Hum Mutat. 1993;2(4):274-85. doi: 10.1002/humu.1380020407.
We have previously developed conditions to screen for TP53 point mutations inside the conserved domains II-V of the gene by using constant denaturant gel electrophoresis (CDGE). The present study reports conditions for screening more of the codons in the frequently mutated region exon 5-8 and for detecting mutations in sequences encoding functional domains in the N- and C-terminal part of the protein. The ability of the CDGE technique to detect mutations was studied using controls with known sequence deviations. The resolution power of the technique to separate different types of mutations was tested by using seven different single base pair mutants all residing in a stretch of four base pairs. All mutants were separated from the wild type. The established CDGE screening strategy was then used to look for mutations in DNA from 28 osteosarcomas. Six (21.5%) of the samples were shown to have a TP53 mutation, and the exact characterization was performed by direct sequencing. All of these were within the frequently reported mutated region exon 5-8.

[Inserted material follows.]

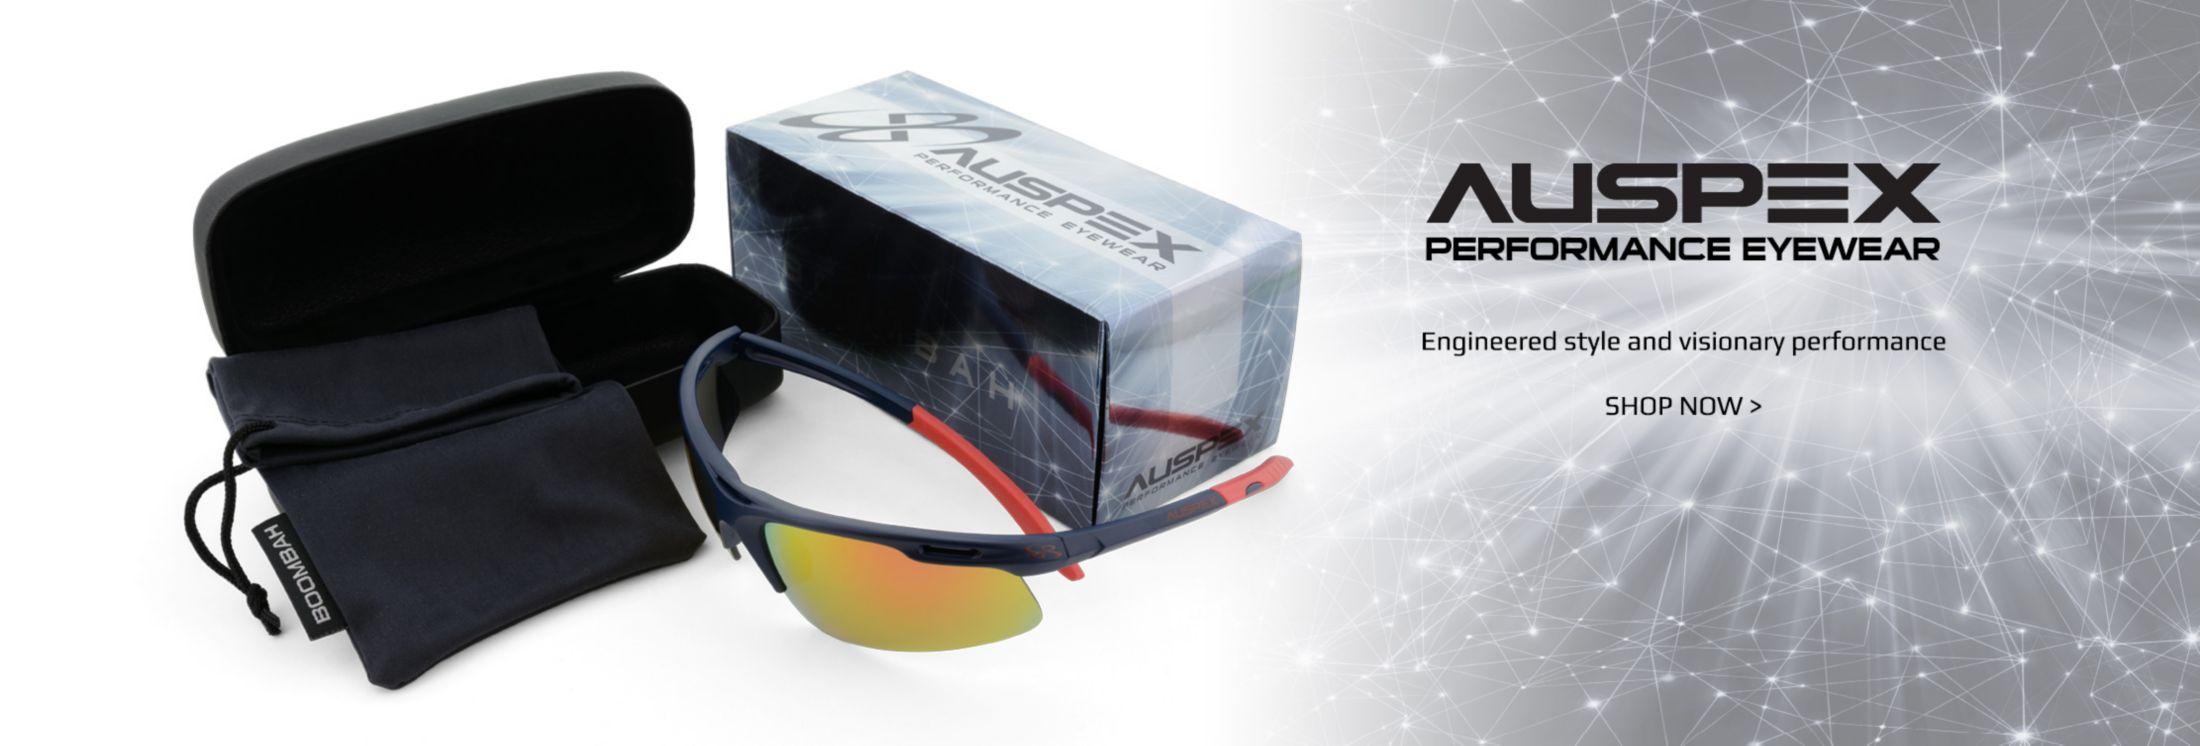 Boombah Auspex Performance Eyewear
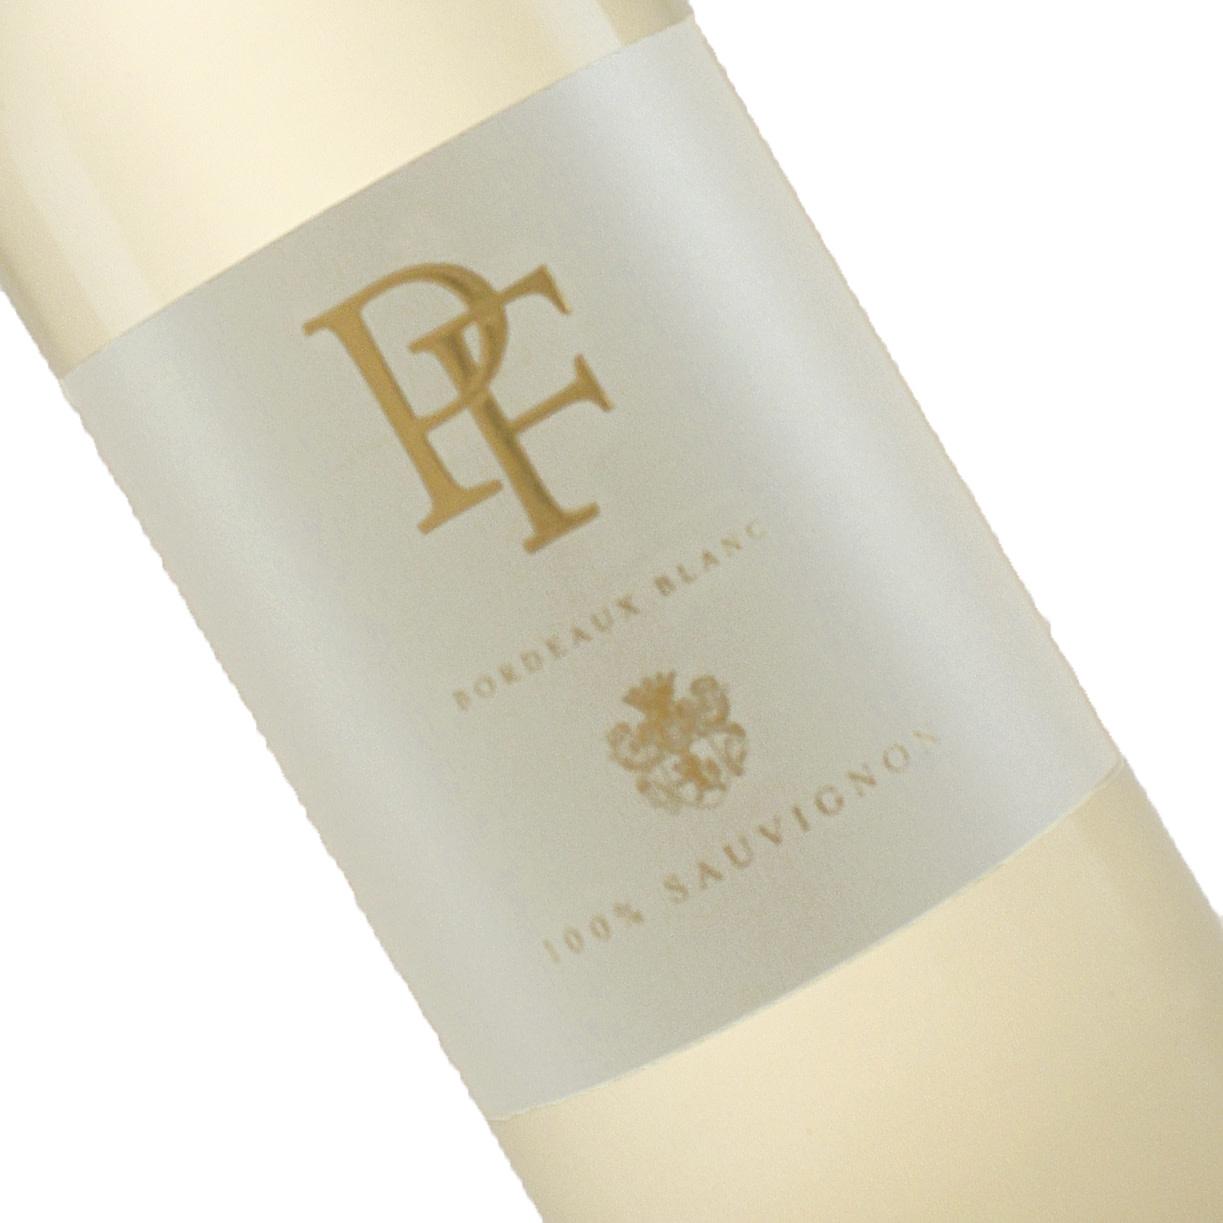 Chateau Petit Freylon 2019 Sauvignon Blanc Bordeaux Blanc

我们之前已开发出相关条件,通过使用恒定变性剂凝胶电泳(CDGE)来筛选基因保守结构域II-V内的TP53点突变。本研究报告了用于筛选更多常见突变区域外显子5-8中密码子以及检测蛋白质N端和C端功能结构域编码序列中突变的条件。利用已知序列偏差的对照研究了CDGE技术检测突变的能力。通过使用均位于一段四个碱基对中的七个不同单碱基对突变体,测试了该技术分离不同类型突变的分辨能力。所有突变体均与野生型分离。然后使用既定的CDGE筛选策略来寻找28例骨肉瘤DNA中的突变。其中六个(21.5%)样本显示存在TP53突变,并通过直接测序进行了精确表征。所有这些突变均在经常报道的突变区域外显子5-8内。